Pero falta tiempo para que esos empleos lleguen a gente como Elio Omato, de 38 años, albañil que lleva un mes sin trabajo. Antes tenía su jornal en una constructora en el municipio de Cuautitlán Izcalli, también en el estado de México. “Pararon la obra, nos descansaron a todos y sin sueldo”, lamenta.

En su casa solo viven tres personas: su esposa, su hijo y él. Para pasar la semana disponen de un monto variable, entre 300 y 600 pesos, dependiendo de su esposa trabaje uno o dos días limpiando un domicilio en la Ciudad de México.

Como no tiene trabajo, el hombre pasa el tiempo tratando de buscarse la vida en el asentamiento.

Cuando no hay nada que hacer surgen las preocupaciones. Que si no hay trabajo. Que si cuándo terminará el confinamiento decretado por el gobierno y podrán regresar a sus puestos. Que si alguien vendrá para dar alguna ayuda.

Aquí la COVID-19 da respeto, pero se habla de ella como de algo muy lejano. Nadie duda de su existencia, pero la ubican en otro planeta, aunque este pueda ubicarse a tres calles de distancia. En el asentamiento también muere la gente, pero siempre es de otra cosa. Tampoco la gente habla demasiado sobre sus propias tragedias. Y esto lleva a la extensión de los rumores. La desinformación es otro de los daños colaterales del coronavirus.

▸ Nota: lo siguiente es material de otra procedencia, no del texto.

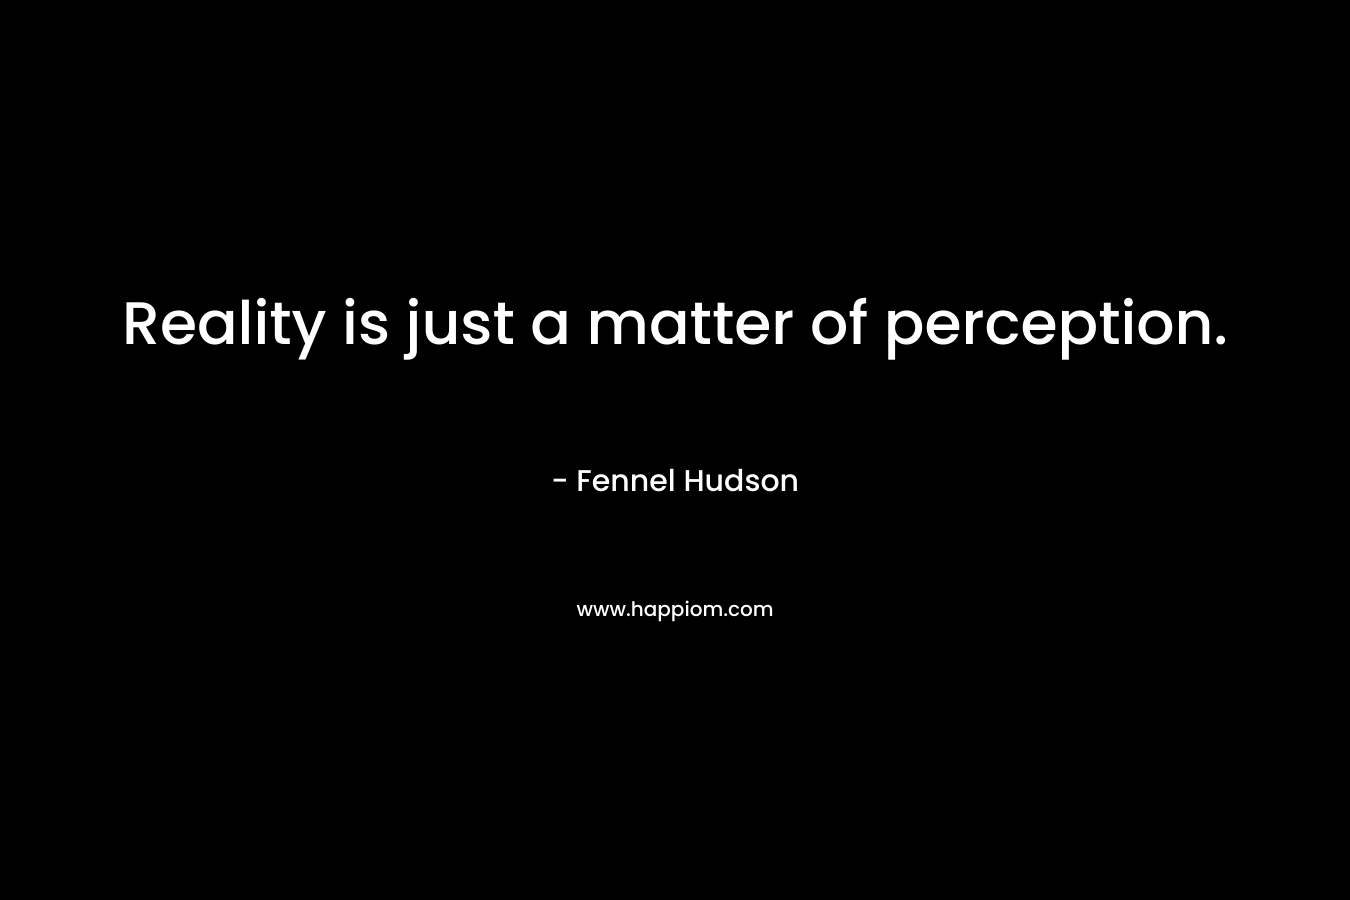 Reality is just a matter of perception.

Por ejemplo, aparece en la conversación el caso de un señor que falleció en su casa hará un mes más o menos. Refrescos sobre la mesa que la escasez de cerveza también afecta a Ecatepec. Y especulaciones sobre qué pudo ocurrir con aquel hombre al que todo el mundo conocía y que murió a finales de abril.

“Nosotros supimos que tuvo síntomas, que tuvo mucha tos y temperatura”, dice un joven.

“Pero se hubieran contagiado sus hijos y ellos no enfermaron”, rebate una mujer.

“Yo supe que estaba malo de la tos”, insiste otro hombre.

“Velaron el cuerpo. Hasta fuimos. No nos ha pasado nada, así que será otra cosa”, argumenta la señora. “Ahí fue el velorio. Él murió en su casa y ahí hicieron todos los trámites. Ya no se llevaron el cuerpo al hospital ni le hicieron autopsia, no más lo embalsamaron y se lo llevaron a su pueblo”.

“Ahí se nos quedó la duda, pero no sé, ni soy quién para decir nada”, agrega el primero.

“Un contagiadero que hubiera habido”, dice la señora.

César, el hijo de Isidra, ya se encuentra mejor. Dicen los médicos que el viernes le darán el alta. Y en casa de la mujer nadie ha enfermado. Así que las preocupaciones se dirigen hacia el bolsillo. Todos los días hay que comer. Y hay que seguir echándole ganas mientras confían en que la enfermedad siga lejos.

El domingo se celebró un velorio en la calle Cristóbal Colón, la primera situada junto a la entrada del asentamiento. Causa de la muerte: posible COVID-19.